# INFORMATION SUPPLIED:
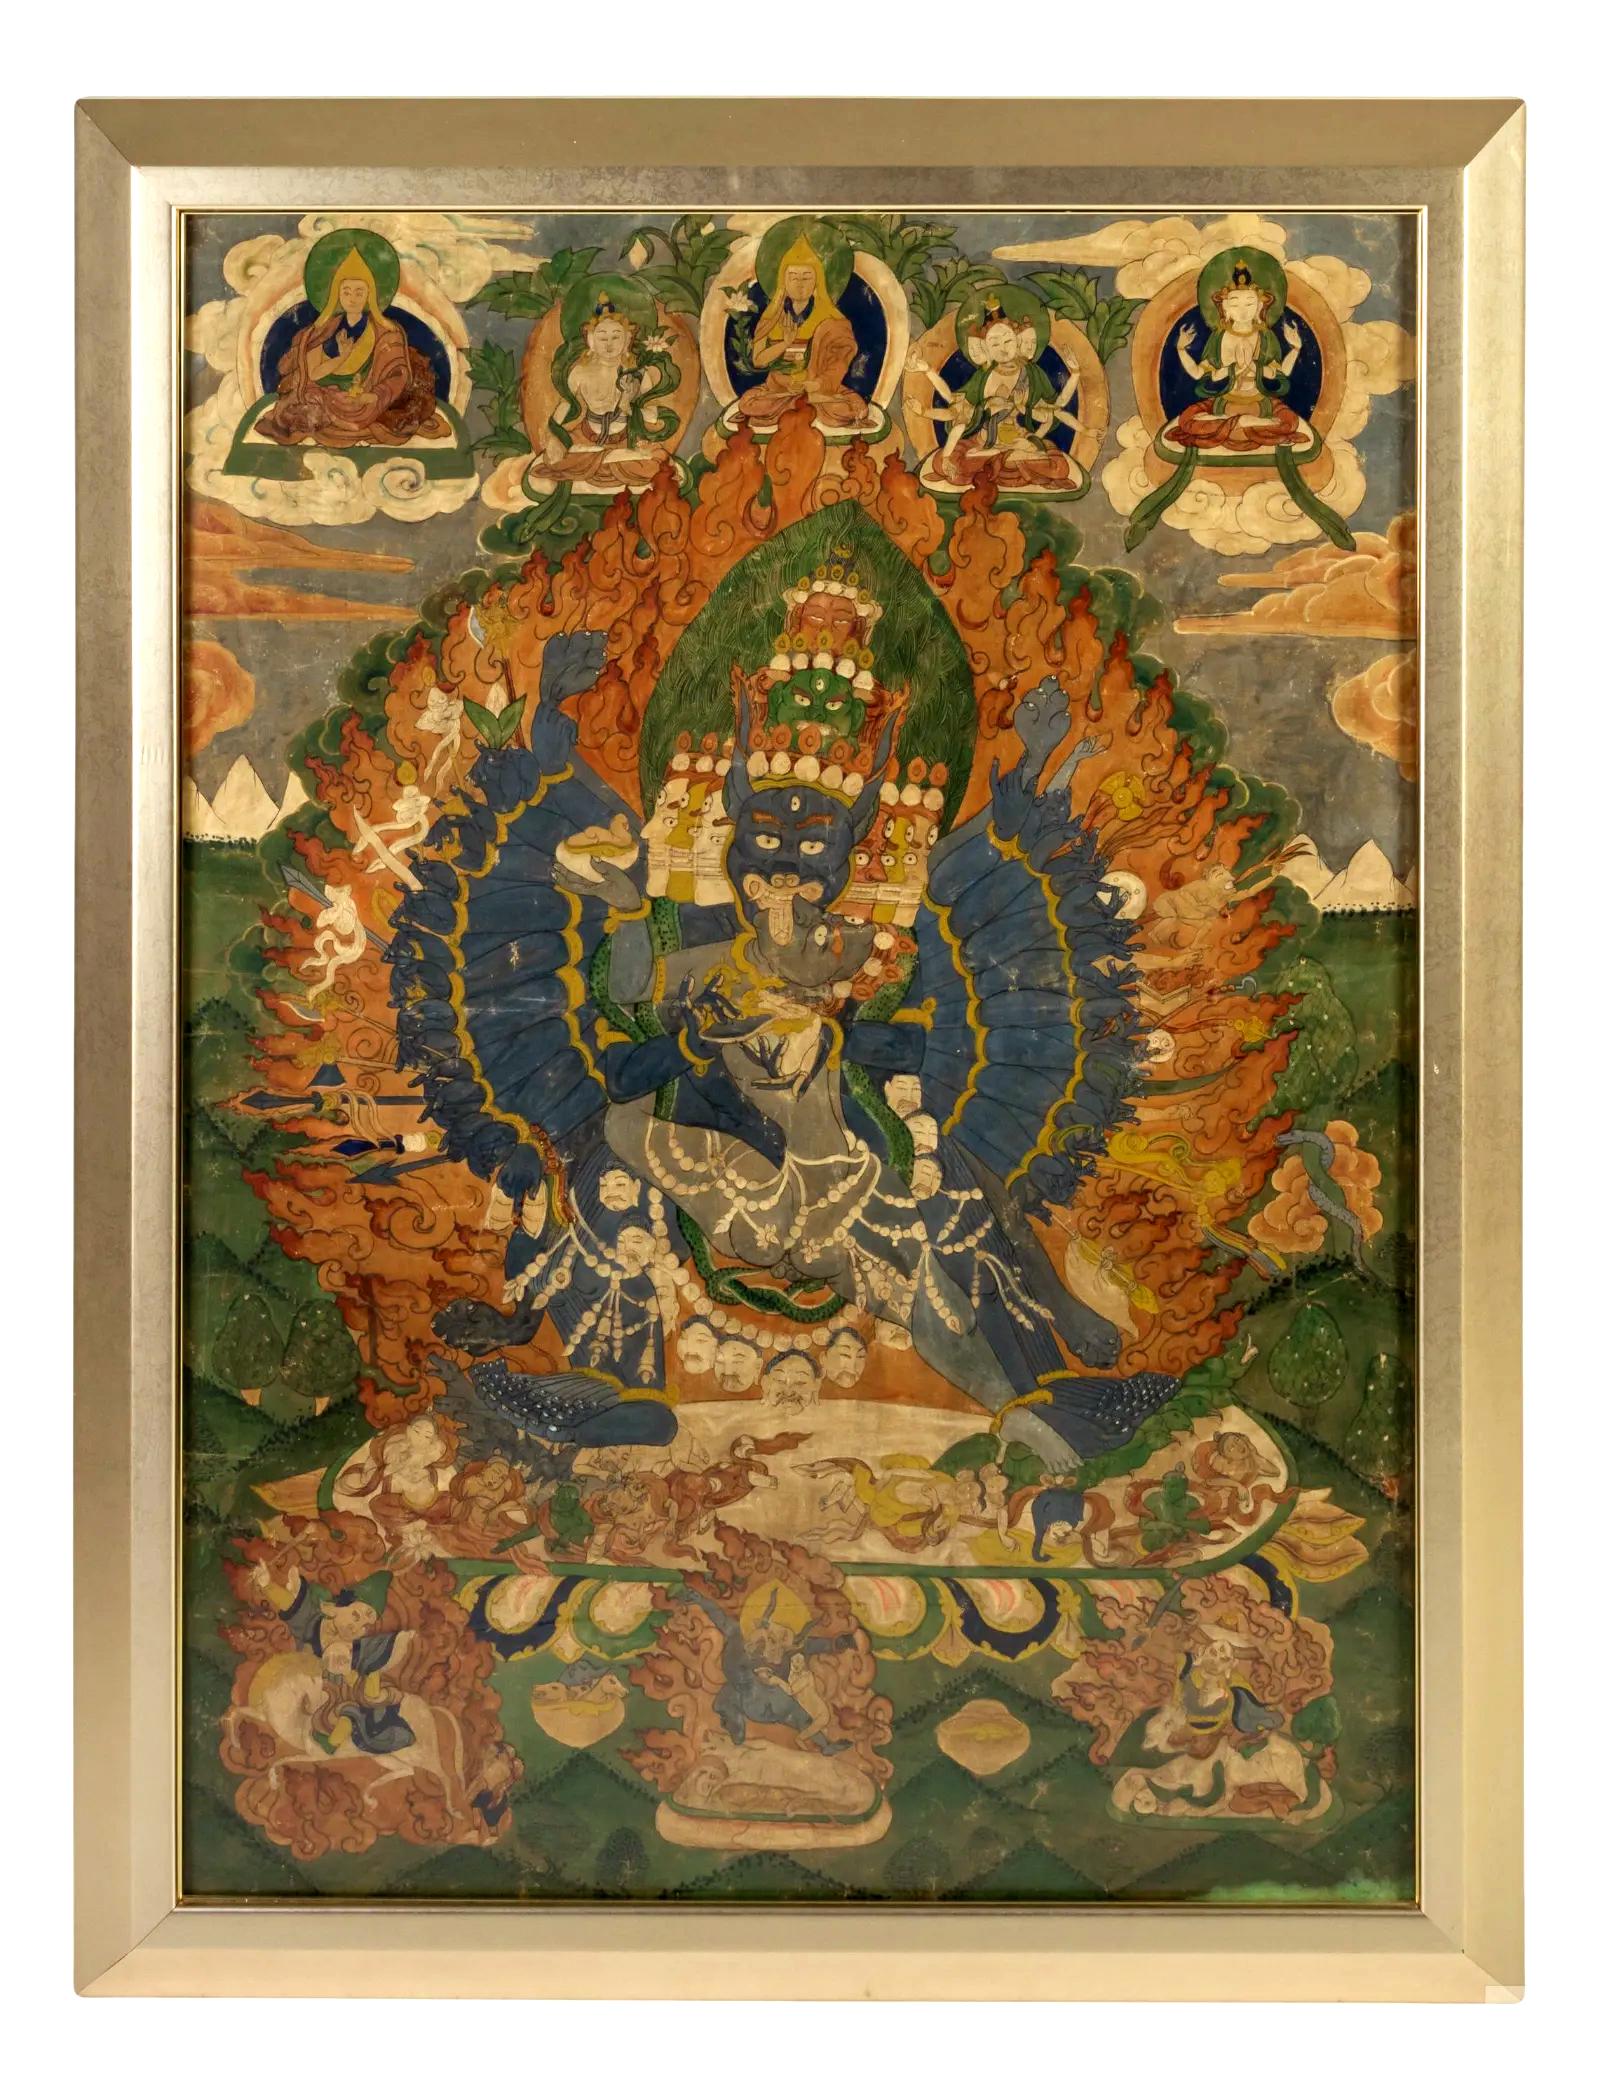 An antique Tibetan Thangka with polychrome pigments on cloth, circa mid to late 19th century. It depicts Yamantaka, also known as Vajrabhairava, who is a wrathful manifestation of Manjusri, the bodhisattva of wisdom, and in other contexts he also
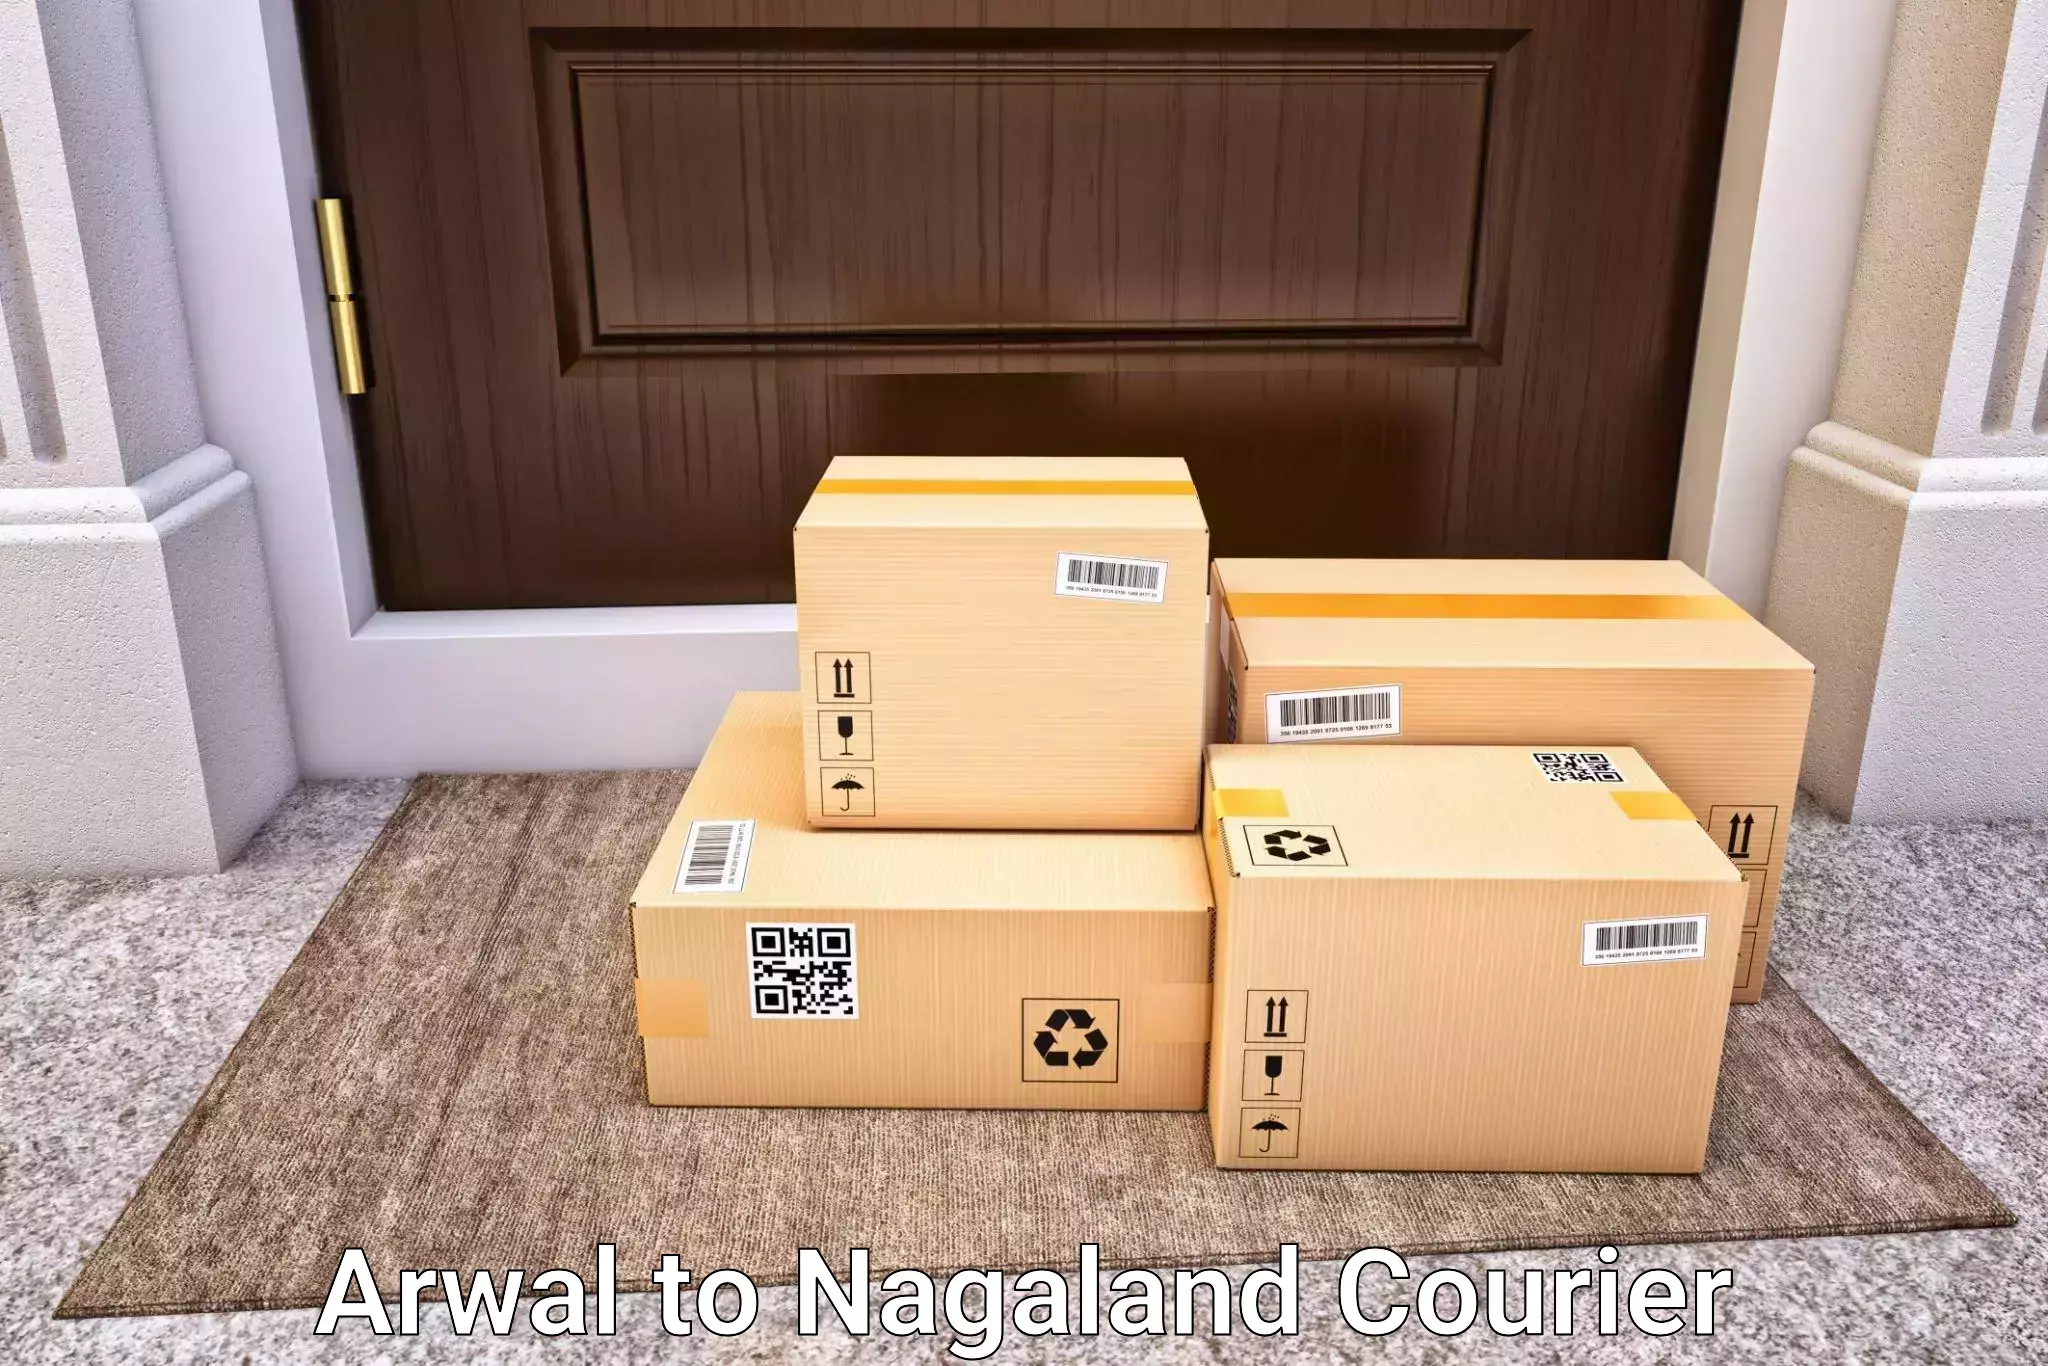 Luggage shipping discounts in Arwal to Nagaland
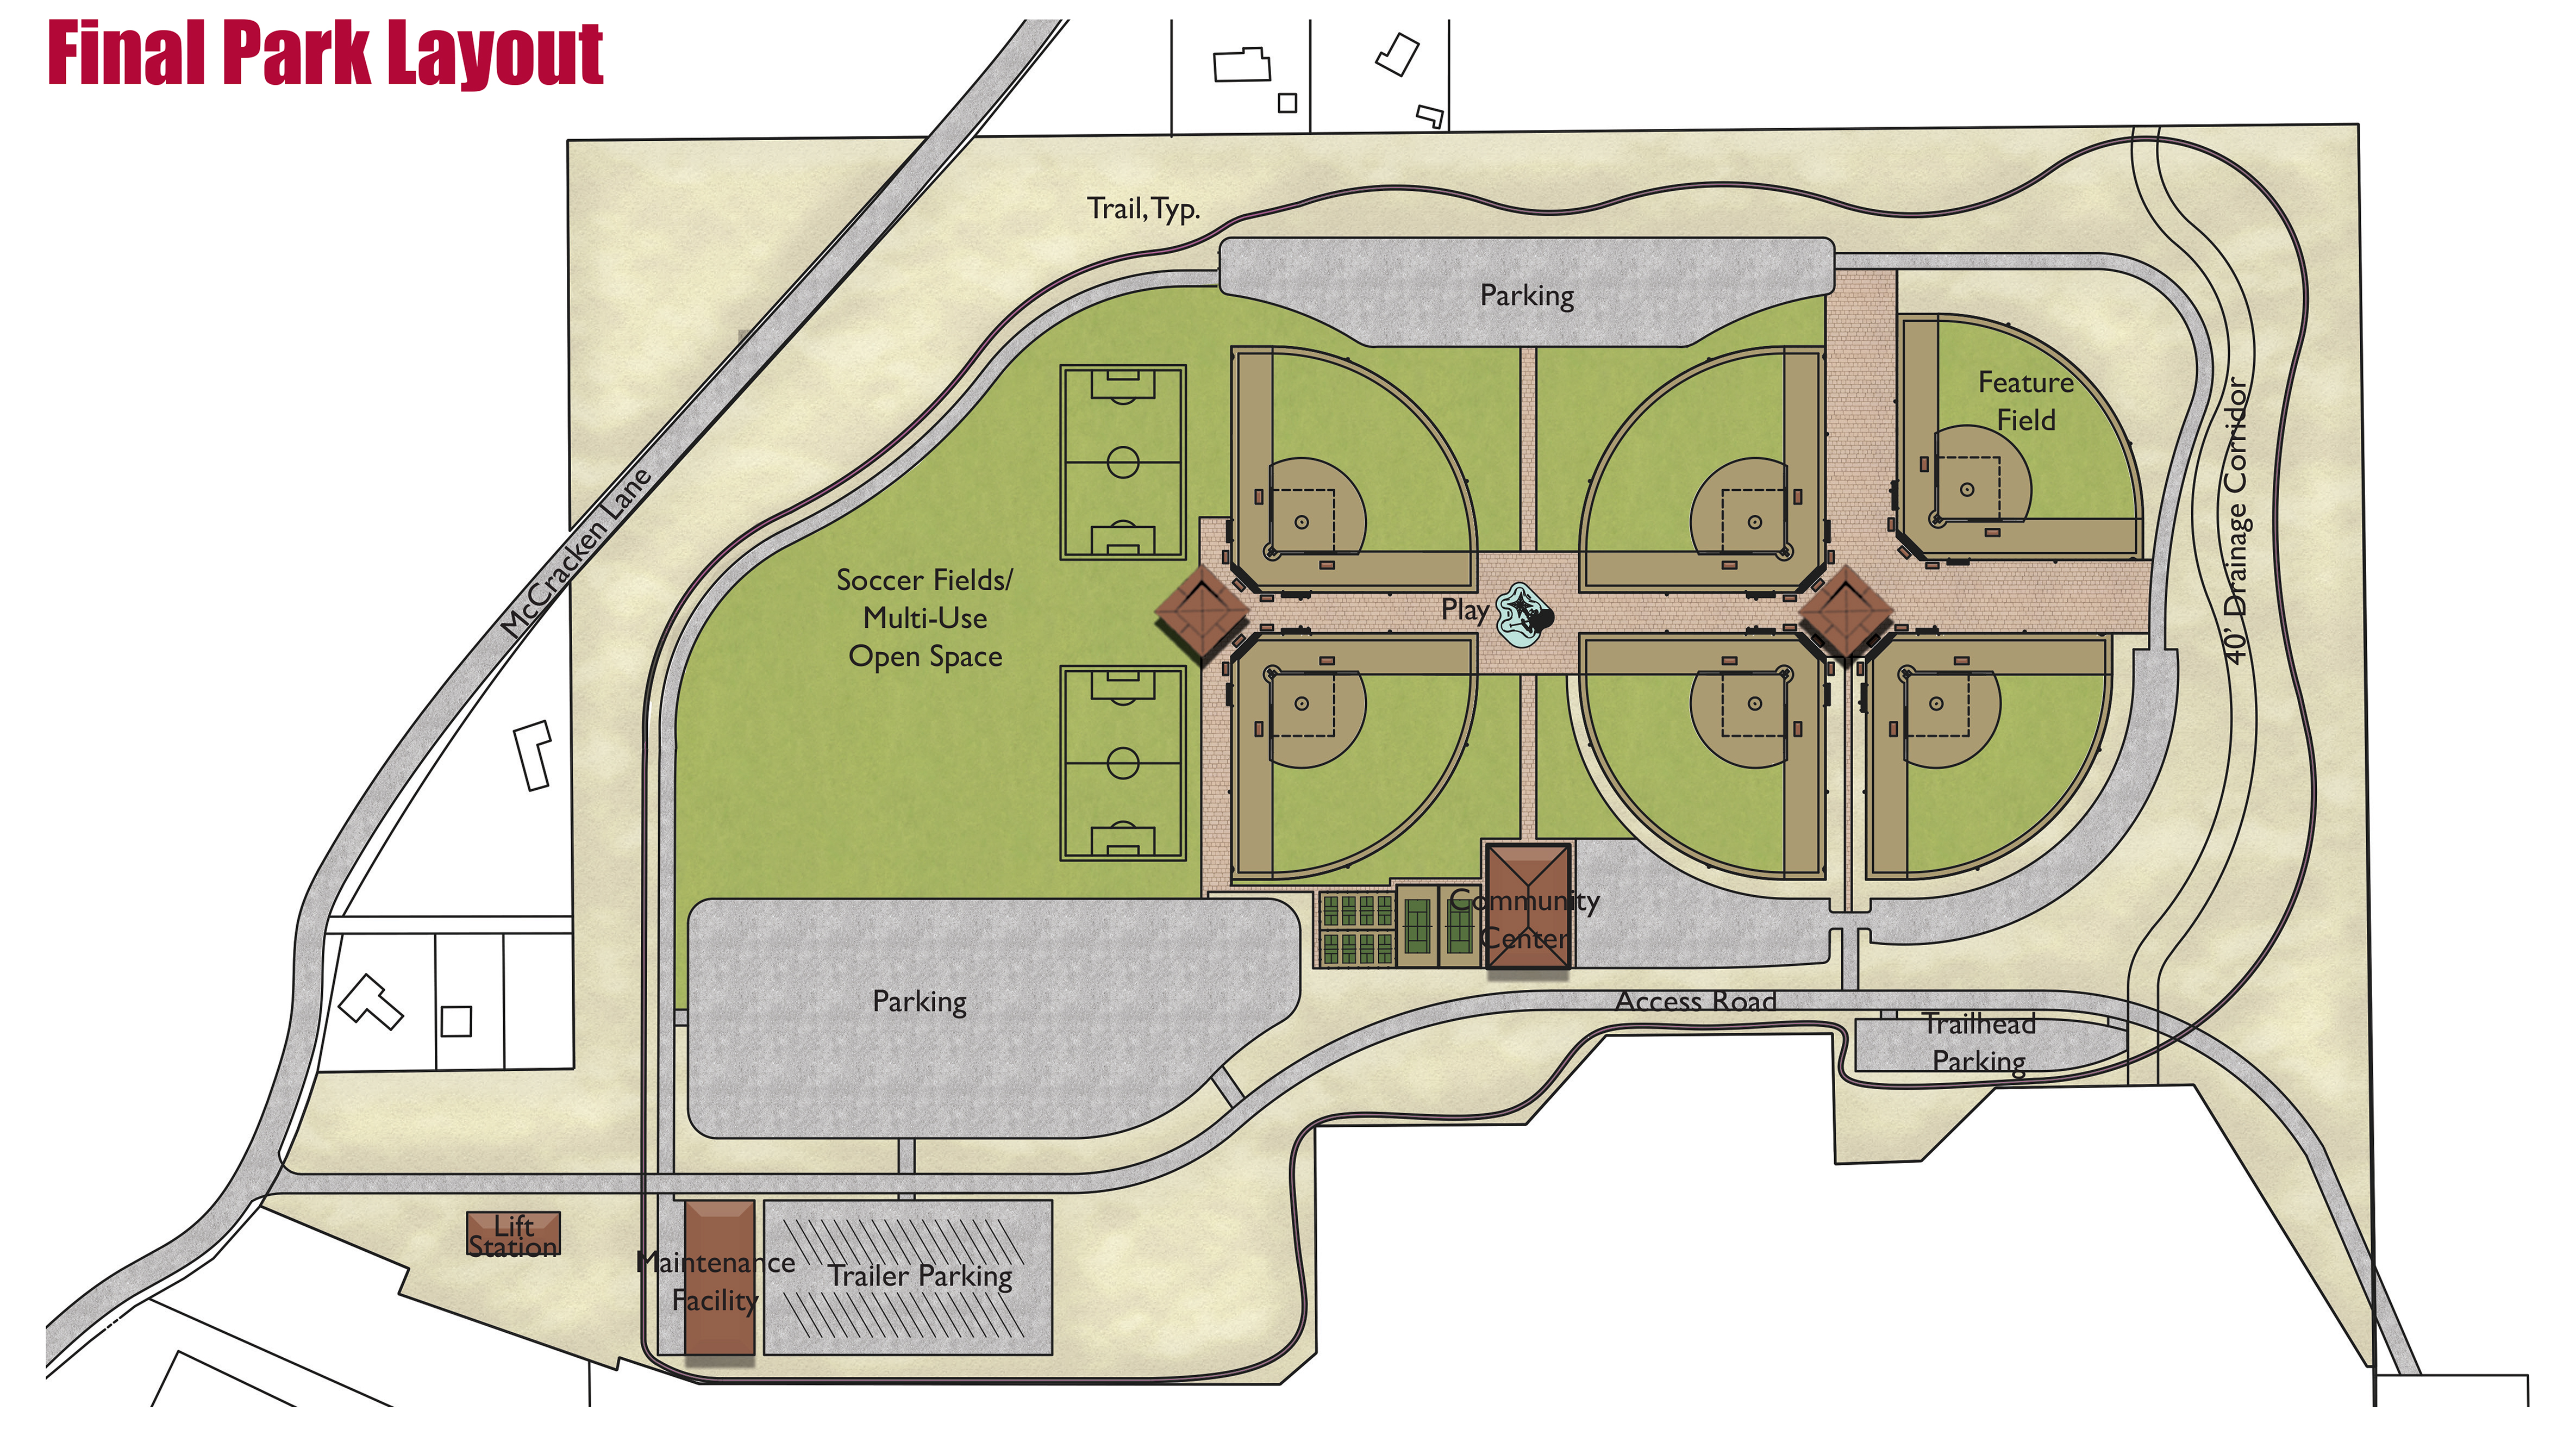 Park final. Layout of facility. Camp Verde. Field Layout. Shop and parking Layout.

# TASK REQUIREMENTS:
What is needed is an exact copy of the lines from the one with "Luggage shipping discounts" through the end of the data above, both included, minus any pictures.

# EXERCISE OUTPUT:
 Luggage shipping discounts in Arwal to Nagaland
 Park final. Layout of facility. Camp Verde. Field Layout. Shop and parking Layout.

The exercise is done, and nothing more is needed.